The  2017 U.S. Open Championship was the 117th U.S. Open, held June 15–18 at Erin Hills in Erin, Wisconsin, northwest of Milwaukee. Brooks Koepka claimed his first major title with a 16-under-par 272, four strokes ahead of runners-up Brian Harman and Hideki Matsuyama. Koepka's score matched the lowest ever at the championship, set in 2011 by Rory McIlroy.

This was the first U.S. Open in Wisconsin, but marked its fifth major, following four editions of the PGA Championship. It was played in 1933 at Blue Mound in Wauwatosa, and at Whistling Straits near Kohler in 2004, 2010, and 2015.

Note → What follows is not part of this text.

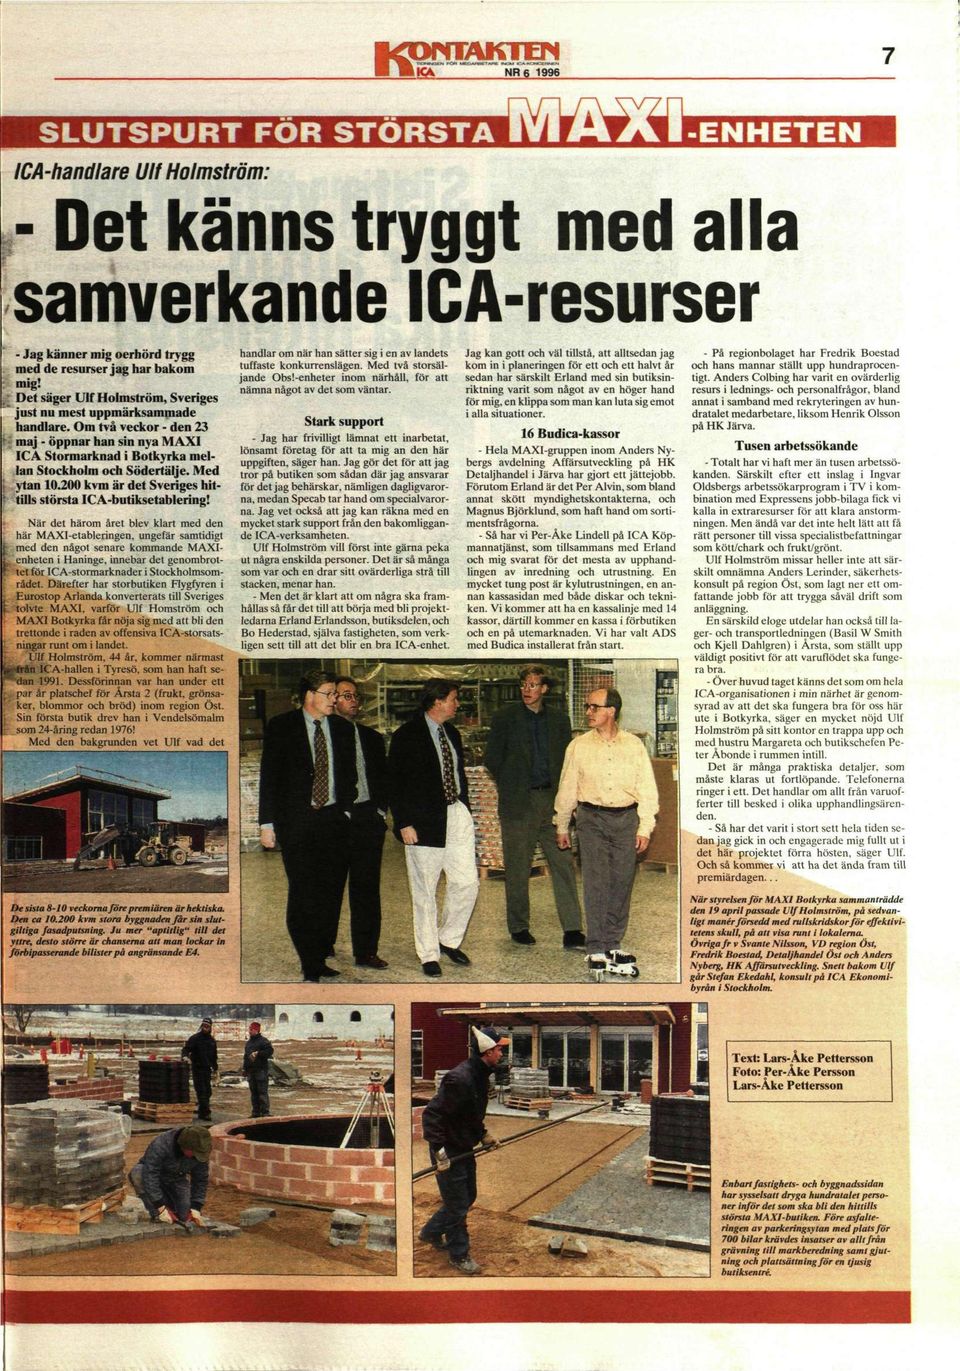 200 kvm är det Sveriges hittills största ICA-butiksetablering!

The purse was a record for a major at $12 million, and the winner's share exceeded $2 million for the first time, at $2.16 million.

Venue
This was the first U.S. Open at Erin Hills, which opened in 2006 and hosted the U.S. Amateur in 2011. It was also the first U.S. Open since 1992 at par 72.

It continued a long tradition of golf in the state, which hosted the U.S. Women's Open twice at Blackwolf Run in Kohler  and the U.S. Senior Open at Whistling Straits in 2007. The PGA Tour formerly stopped in the state regularly with the Greater Milwaukee Open  preceded by the Milwaukee Open Invitational

Course layout

2017 yardages by round

 Scoring average: 73.204
 by round: 73.385, 73.225, 72.016, 73.928
 Most difficult holes in relation to par: 3, 4, 6, 17

Field
About half the field consisted of players who were exempt from qualifying for the U.S. Open. Each player is classified according to the first category in which he qualified, and other categories are shown in parentheses.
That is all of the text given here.